= Beginning of Section =
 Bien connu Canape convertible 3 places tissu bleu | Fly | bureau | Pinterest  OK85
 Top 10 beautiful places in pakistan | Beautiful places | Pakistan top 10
= End of Section =
= Beginning of Section =
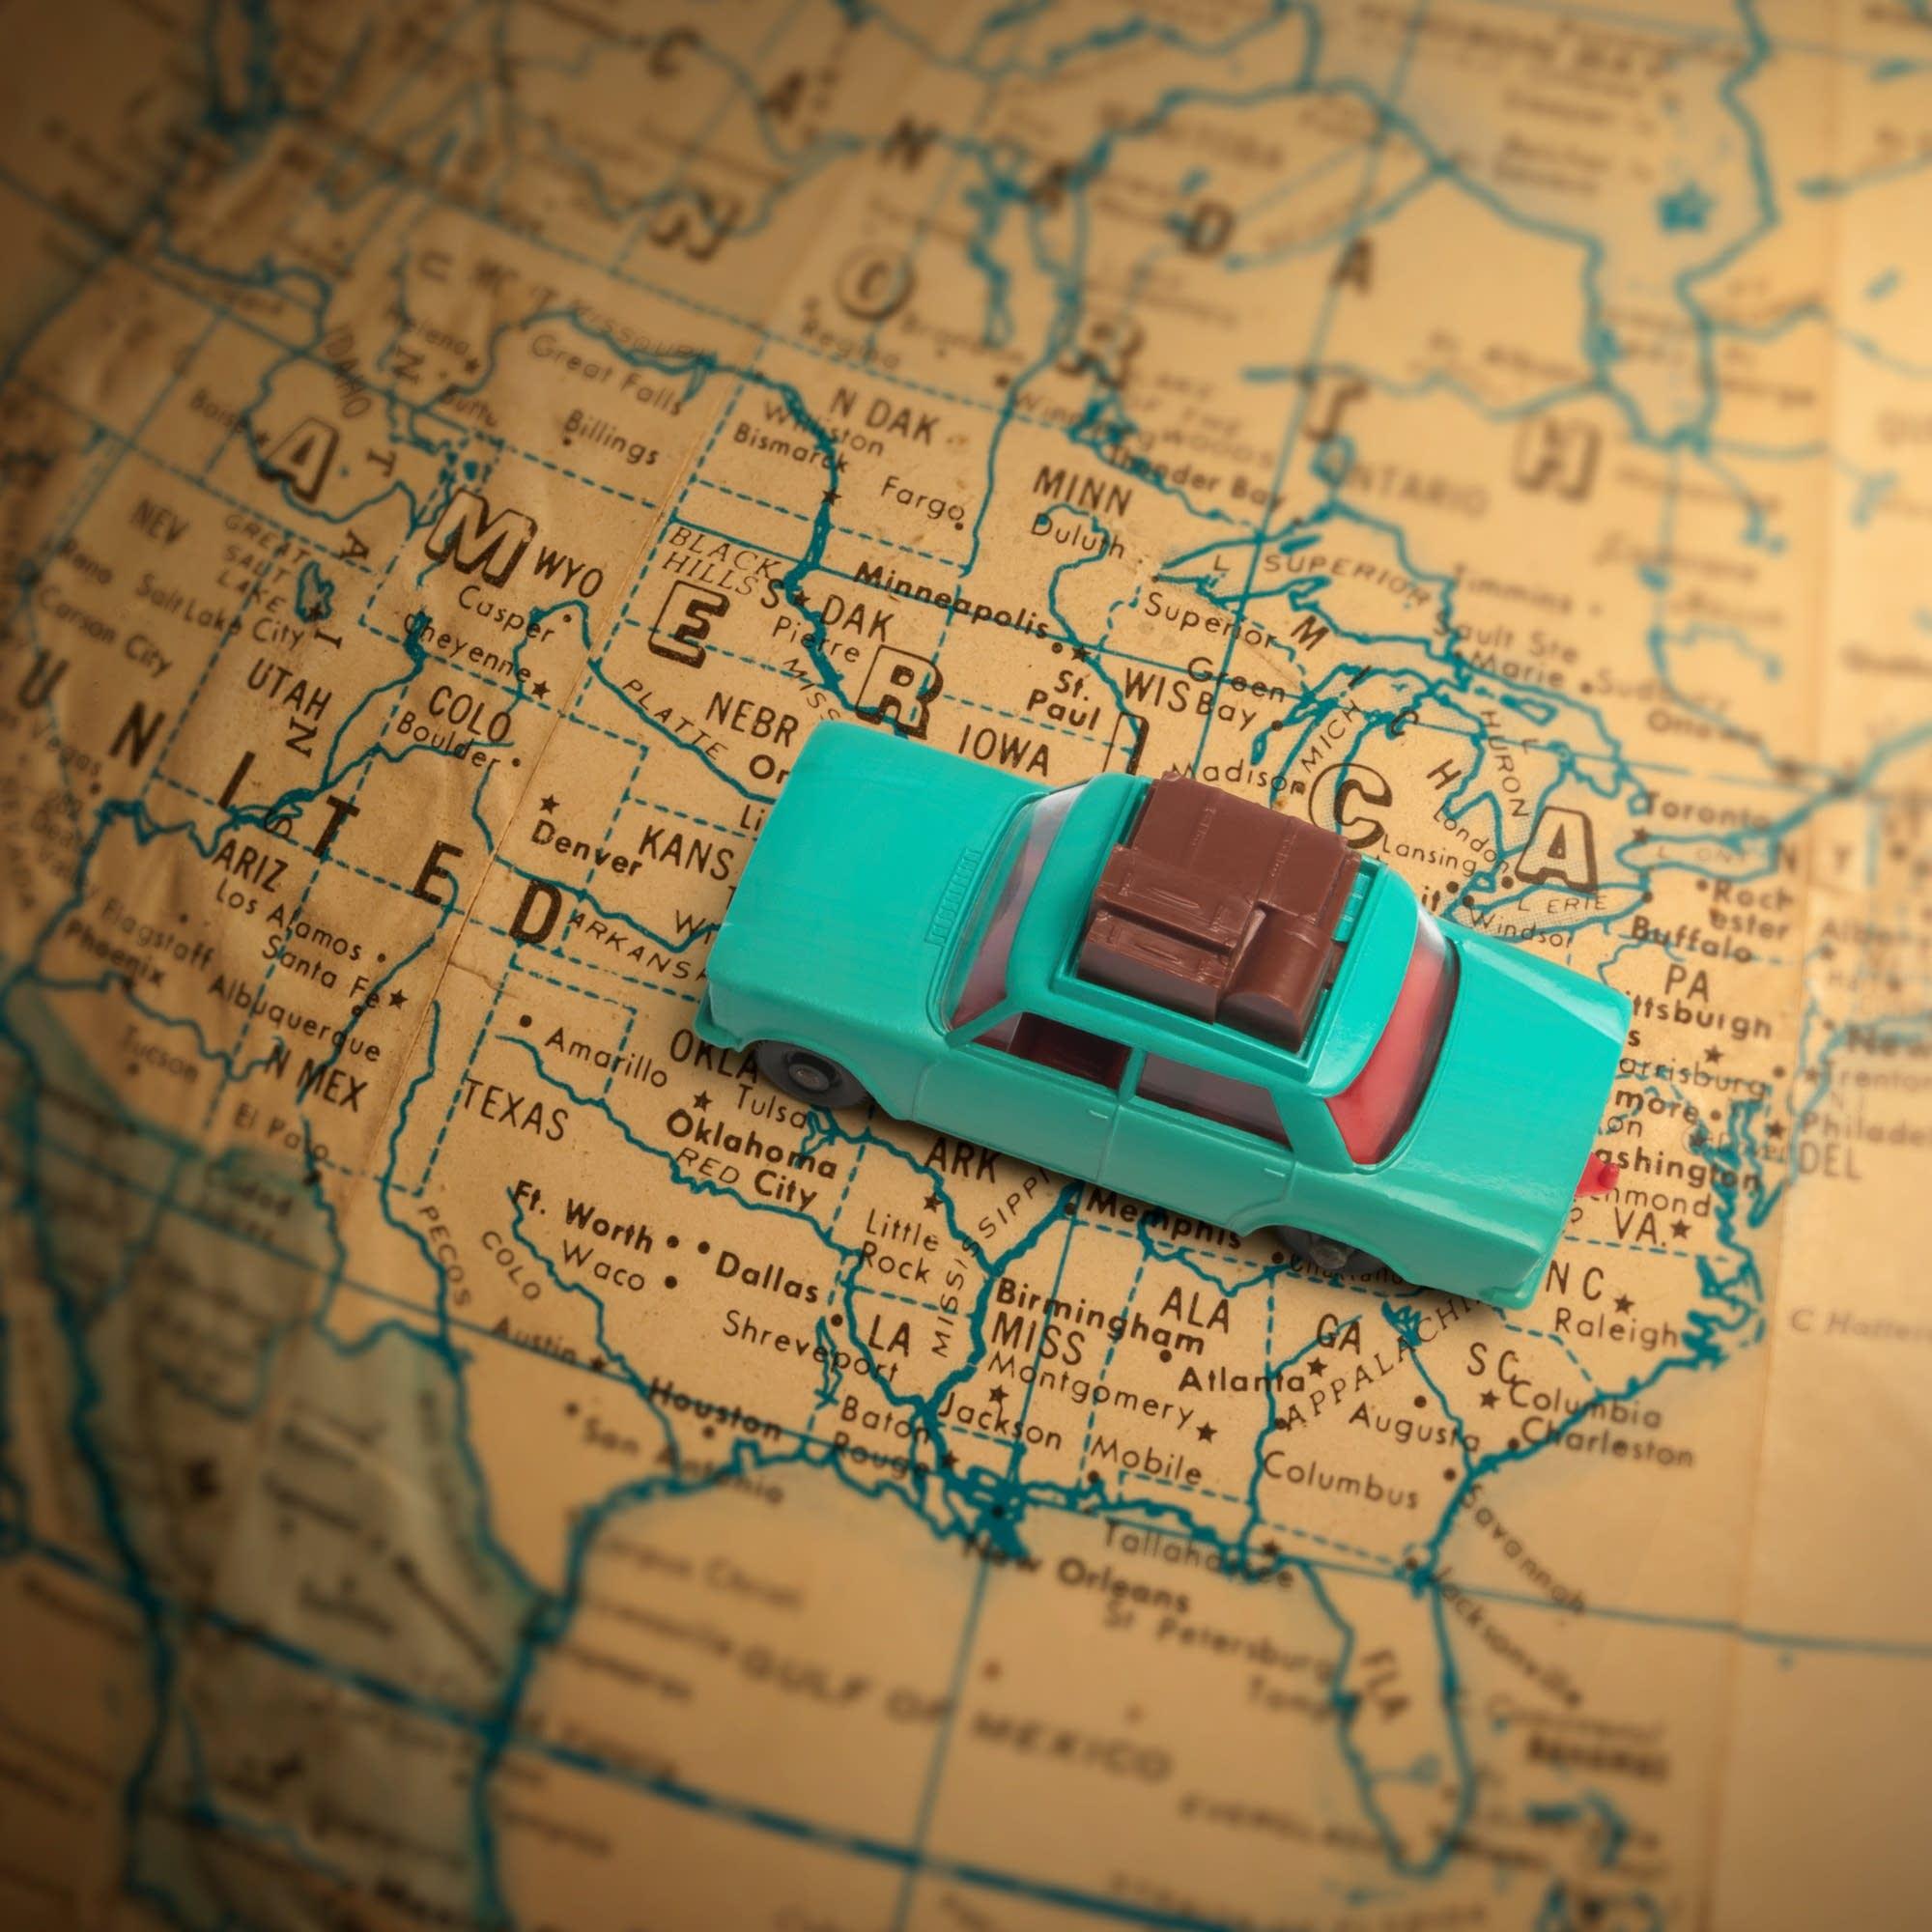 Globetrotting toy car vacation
= End of Section =
= Beginning of Section =
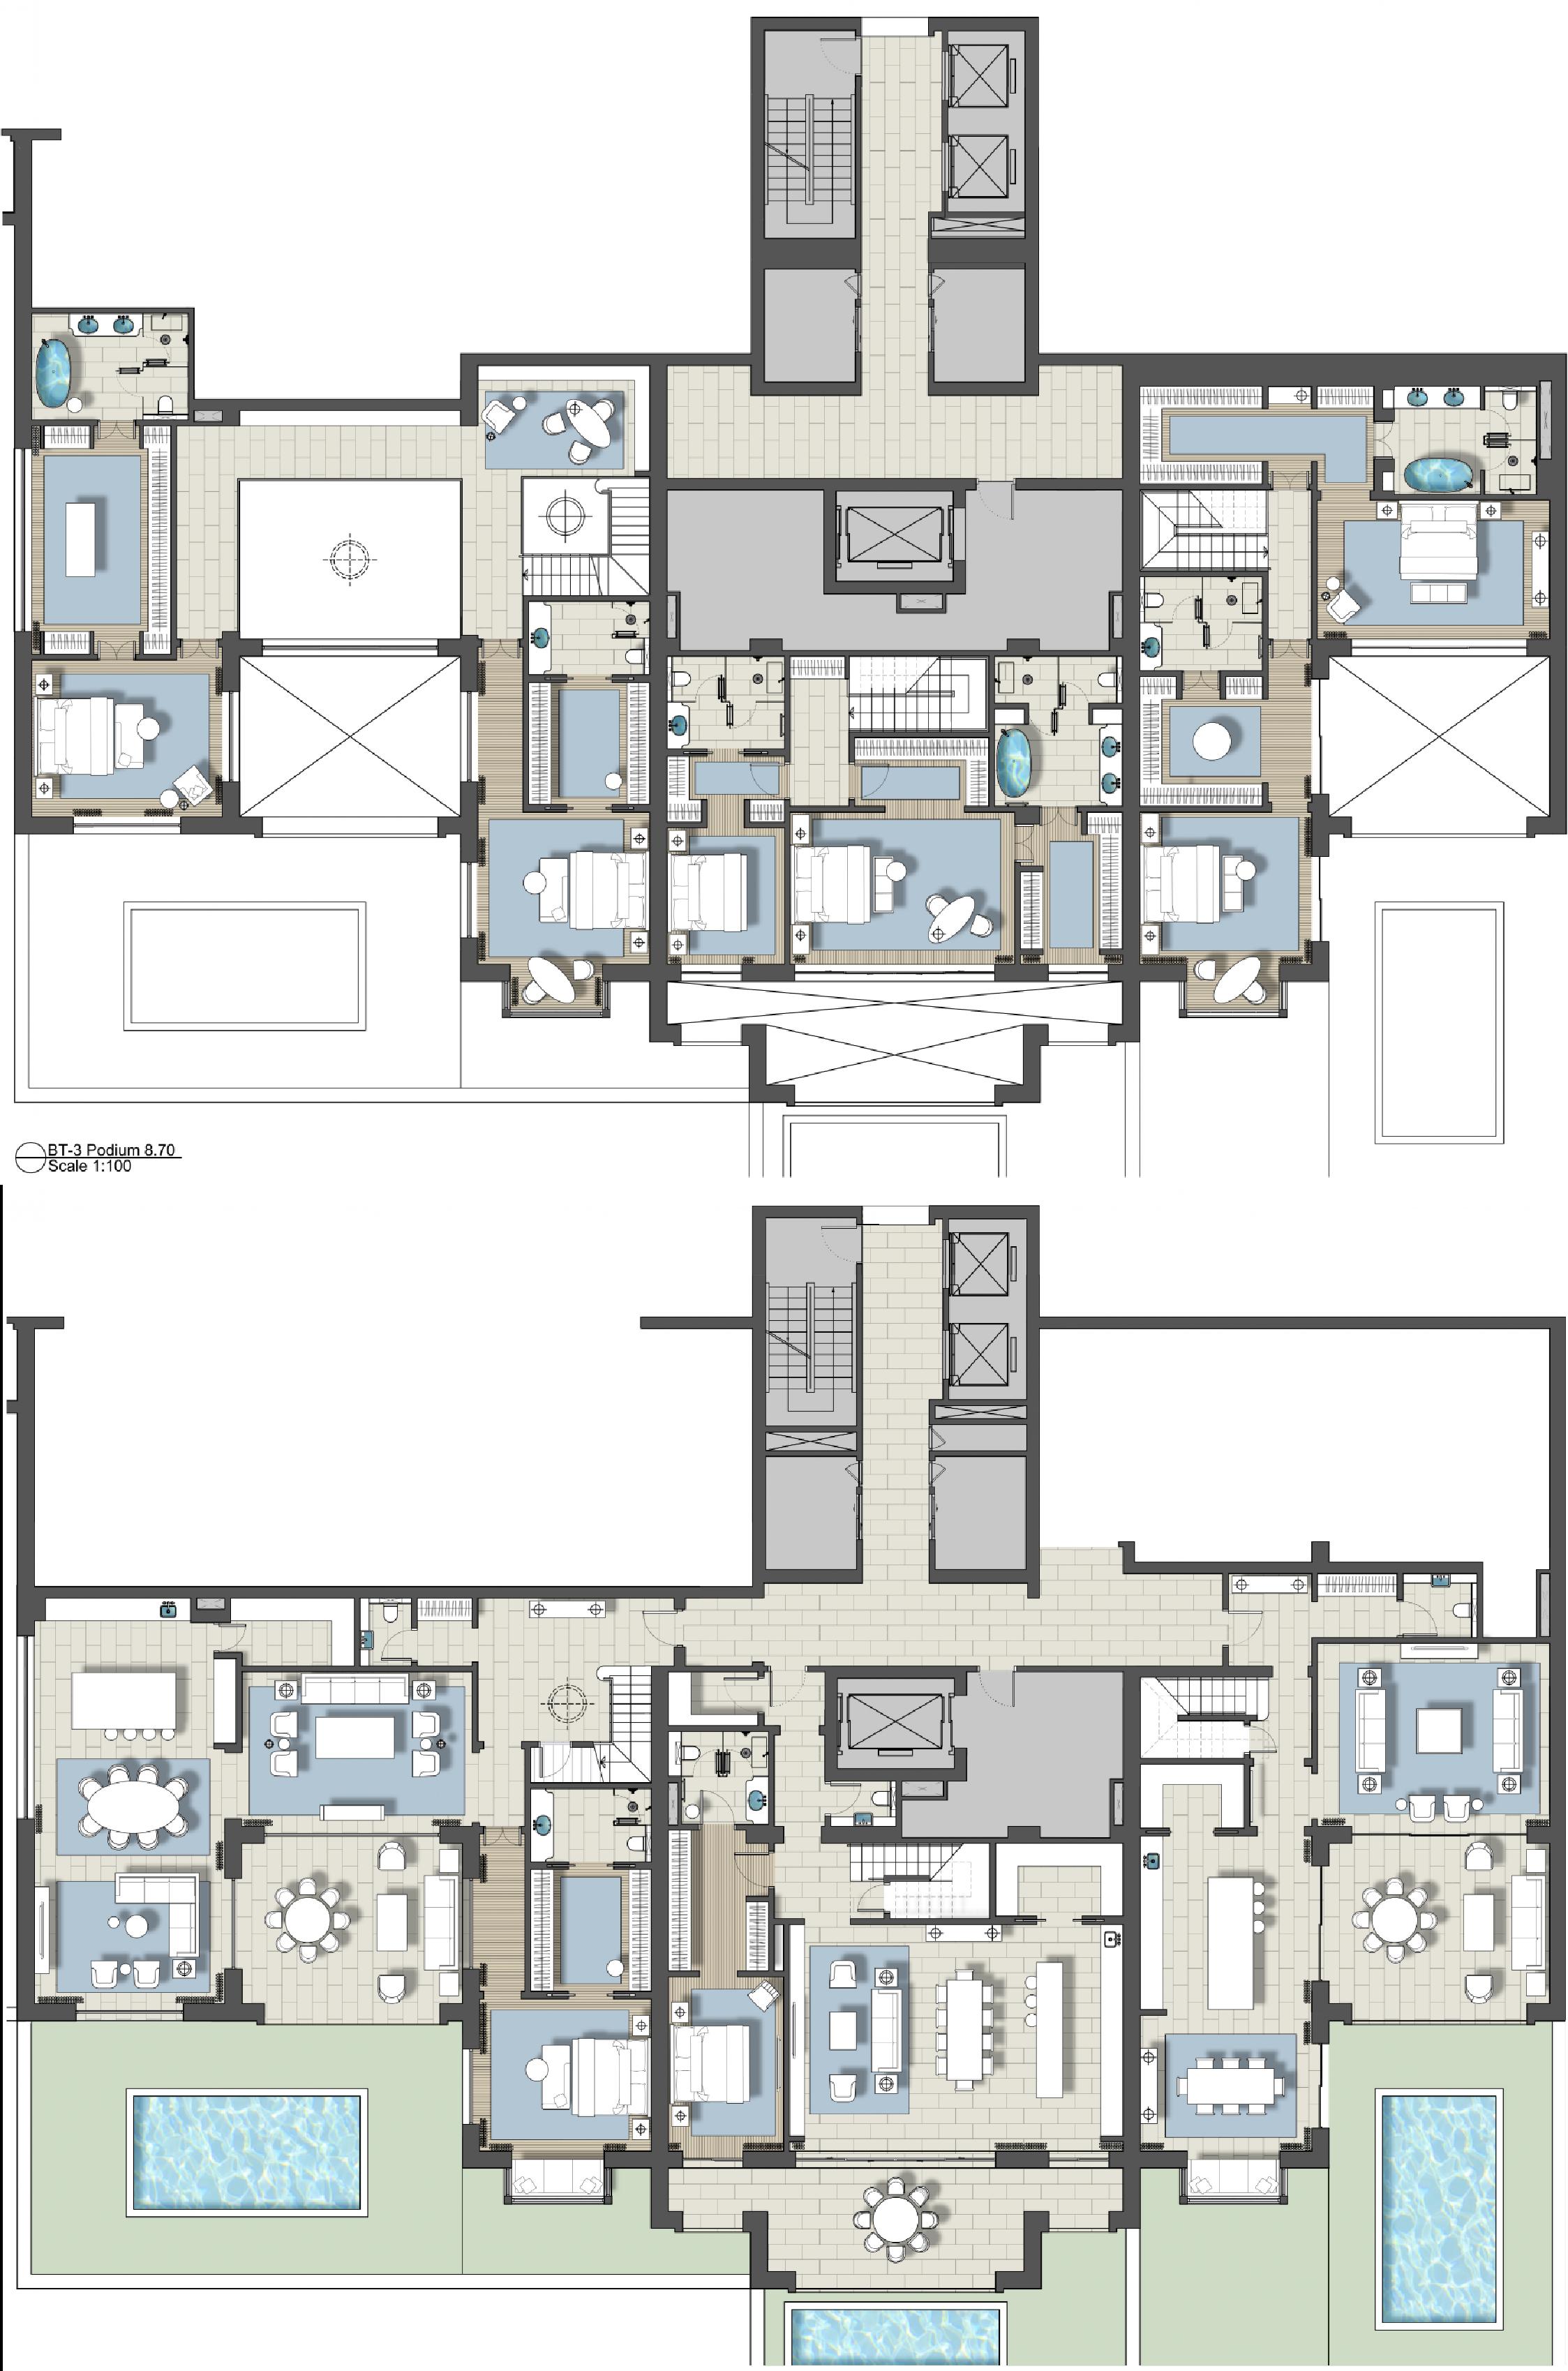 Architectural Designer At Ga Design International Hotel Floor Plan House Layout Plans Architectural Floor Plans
= End of Section =
### Exercise details:
Given the records above, reproduce precisely and only the lines between the line holding "Bien connu Canape" and the line holding "Top 10 beautiful", inclusive.

### Result of this task:
 Bien connu Canape convertible 3 places tissu bleu | Fly | bureau | Pinterest  OK85
 Top 10 beautiful places in pakistan | Beautiful places | Pakistan top 10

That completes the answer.